◆ Source material:
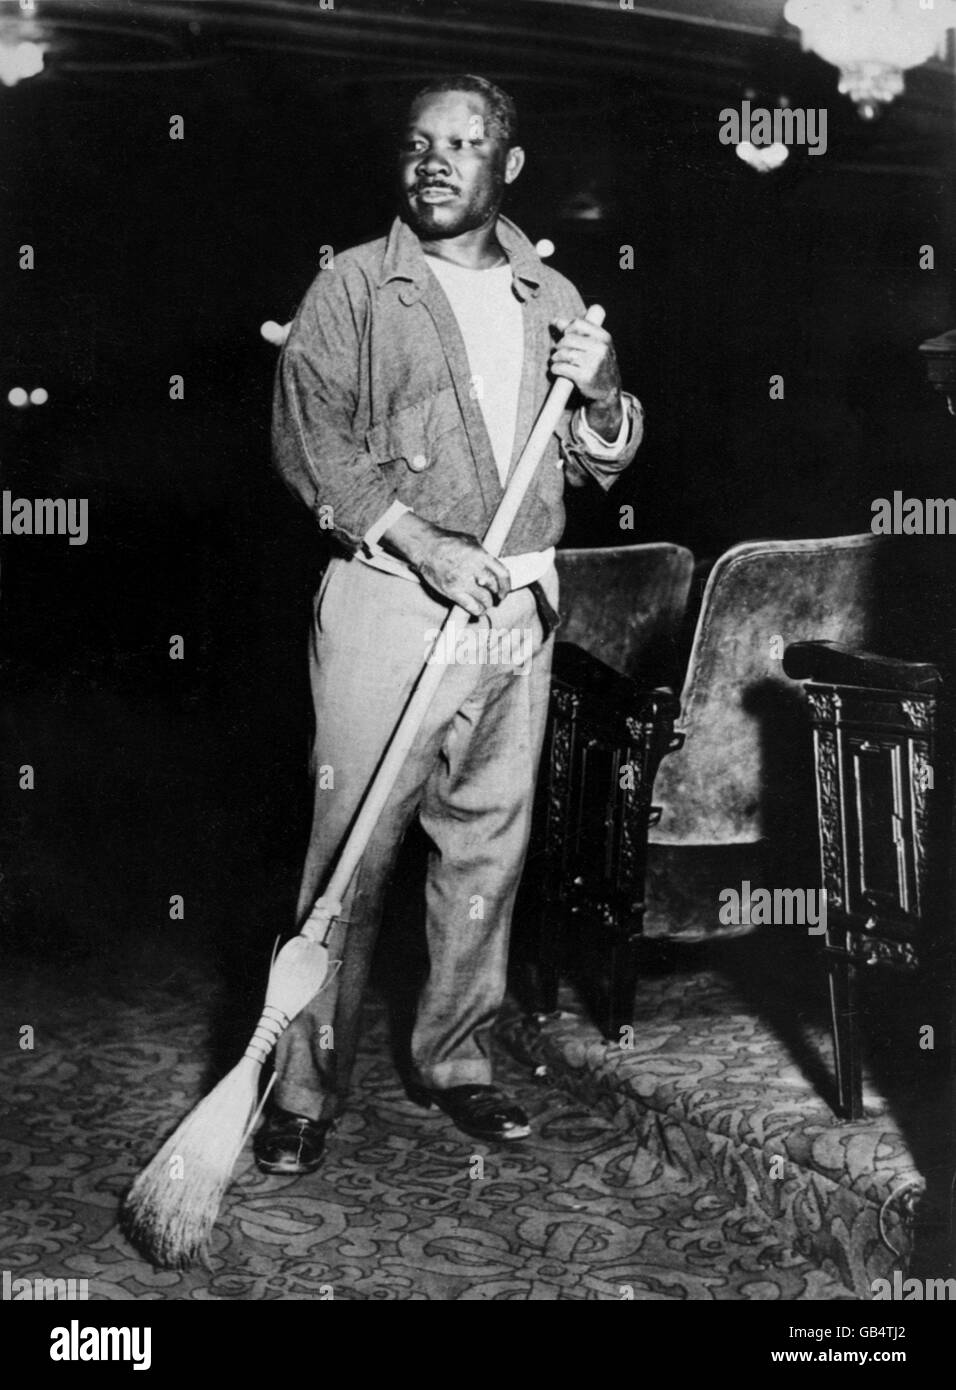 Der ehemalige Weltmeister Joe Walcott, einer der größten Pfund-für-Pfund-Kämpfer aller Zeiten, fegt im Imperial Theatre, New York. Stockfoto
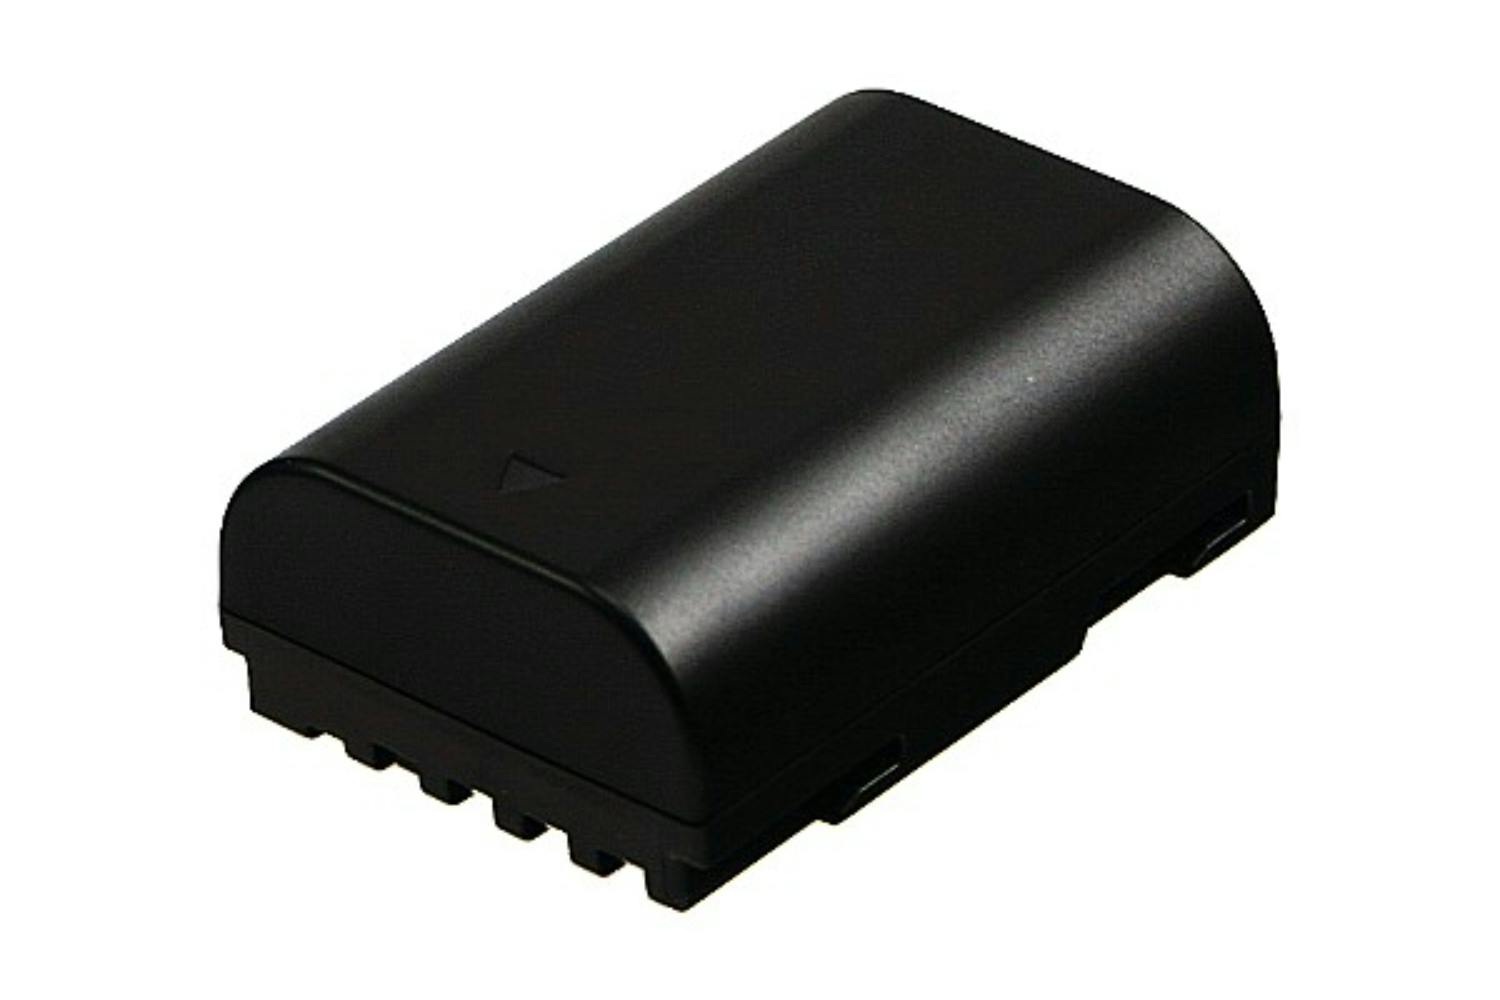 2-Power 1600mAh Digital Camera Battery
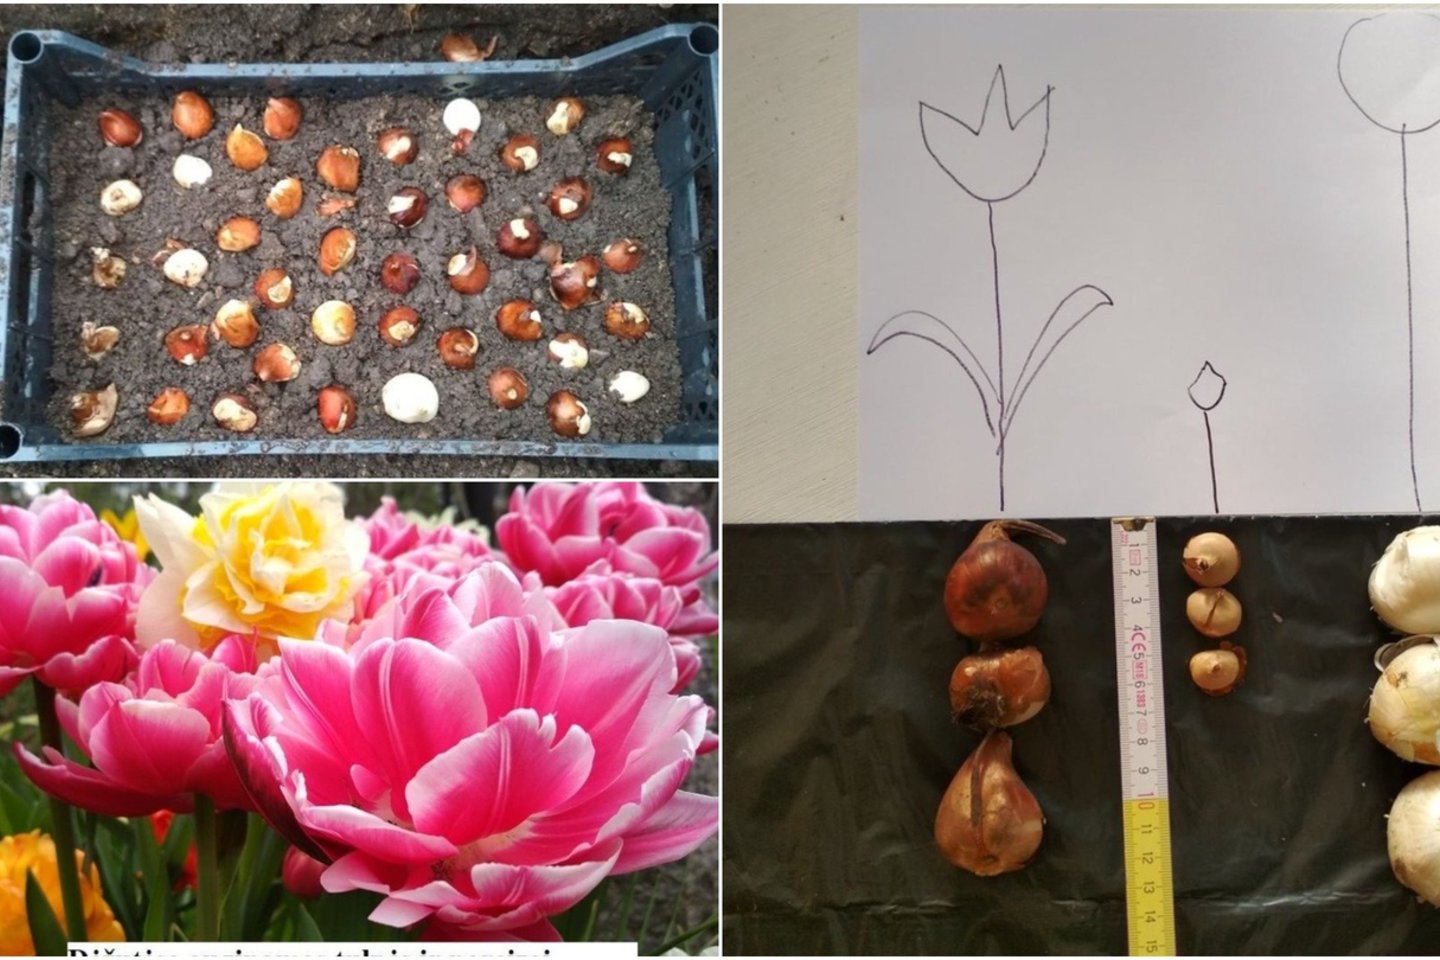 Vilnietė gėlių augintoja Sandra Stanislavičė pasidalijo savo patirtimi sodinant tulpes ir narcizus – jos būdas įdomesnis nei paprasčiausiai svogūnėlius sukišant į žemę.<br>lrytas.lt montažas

◆ Goal of the exercise: Reproduce the material word for word. Skip every picture it holds.

◆ Result:
 Der ehemalige Weltmeister Joe Walcott, einer der größten Pfund-für-Pfund-Kämpfer aller Zeiten, fegt im Imperial Theatre, New York. Stockfoto
 2-Power 1600mAh Digital Camera Battery
 Vilnietė gėlių augintoja Sandra Stanislavičė pasidalijo savo patirtimi sodinant tulpes ir narcizus – jos būdas įdomesnis nei paprasčiausiai svogūnėlius sukišant į žemę.<br>lrytas.lt montažas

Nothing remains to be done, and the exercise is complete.